**Your task**
From the line containing "Photograph of an" down to the line containing "Bottleneck results by" in the records below, reproduce every line exactly, ends included, and omit all others.

**Records for the task**
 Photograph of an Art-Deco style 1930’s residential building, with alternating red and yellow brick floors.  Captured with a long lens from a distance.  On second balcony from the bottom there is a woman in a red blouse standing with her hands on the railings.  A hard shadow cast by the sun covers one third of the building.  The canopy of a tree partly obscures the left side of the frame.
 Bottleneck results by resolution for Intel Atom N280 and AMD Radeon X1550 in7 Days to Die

* * *

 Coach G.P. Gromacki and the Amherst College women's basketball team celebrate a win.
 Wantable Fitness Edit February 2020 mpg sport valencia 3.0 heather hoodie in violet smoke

* * *

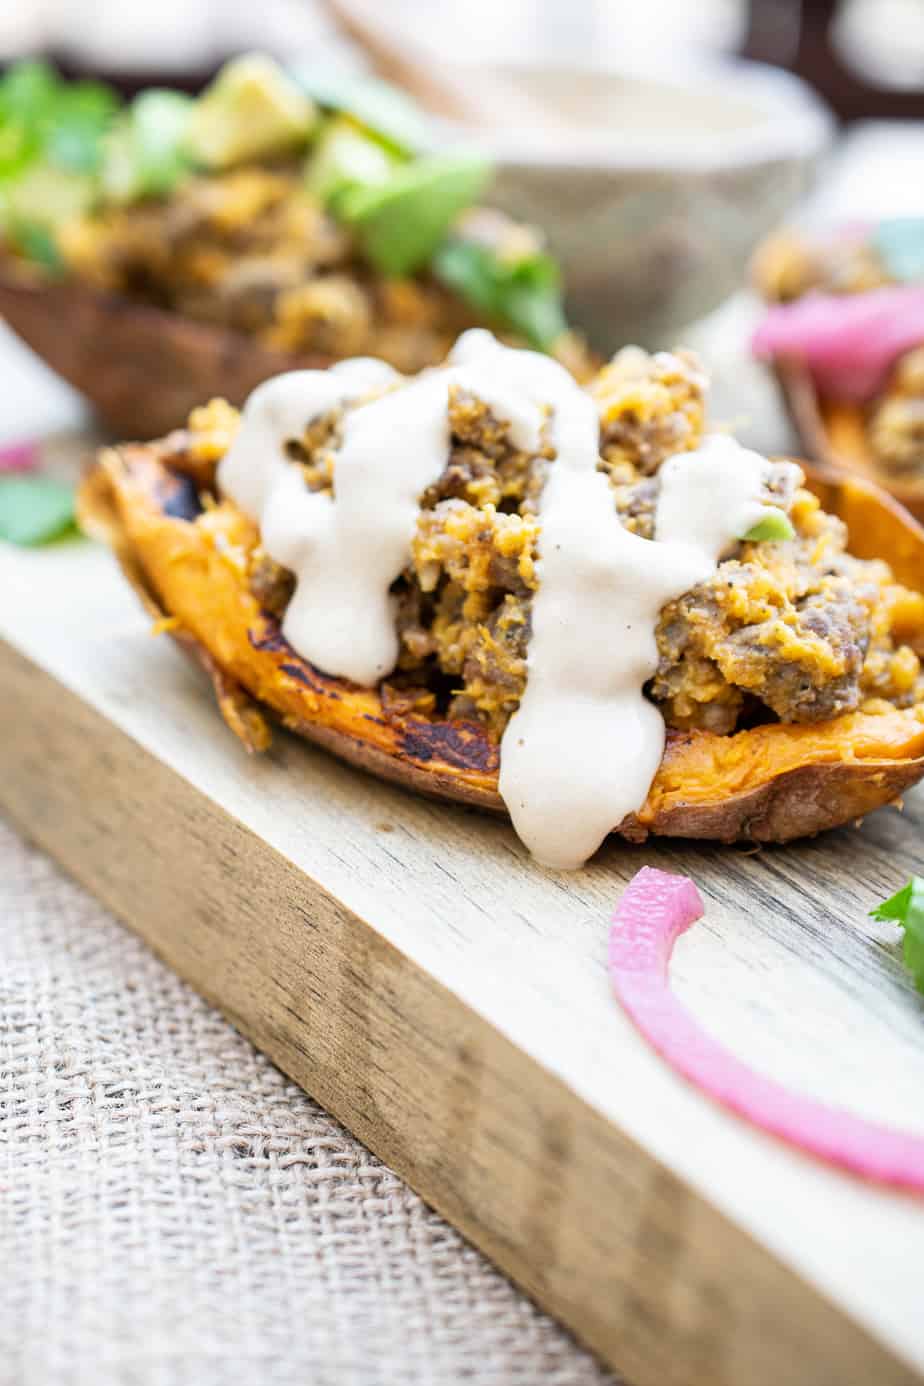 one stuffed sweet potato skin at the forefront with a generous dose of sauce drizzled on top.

**Answer section**
 Photograph of an Art-Deco style 1930’s residential building, with alternating red and yellow brick floors.  Captured with a long lens from a distance.  On second balcony from the bottom there is a woman in a red blouse standing with her hands on the railings.  A hard shadow cast by the sun covers one third of the building.  The canopy of a tree partly obscures the left side of the frame.
 Bottleneck results by resolution for Intel Atom N280 and AMD Radeon X1550 in7 Days to Die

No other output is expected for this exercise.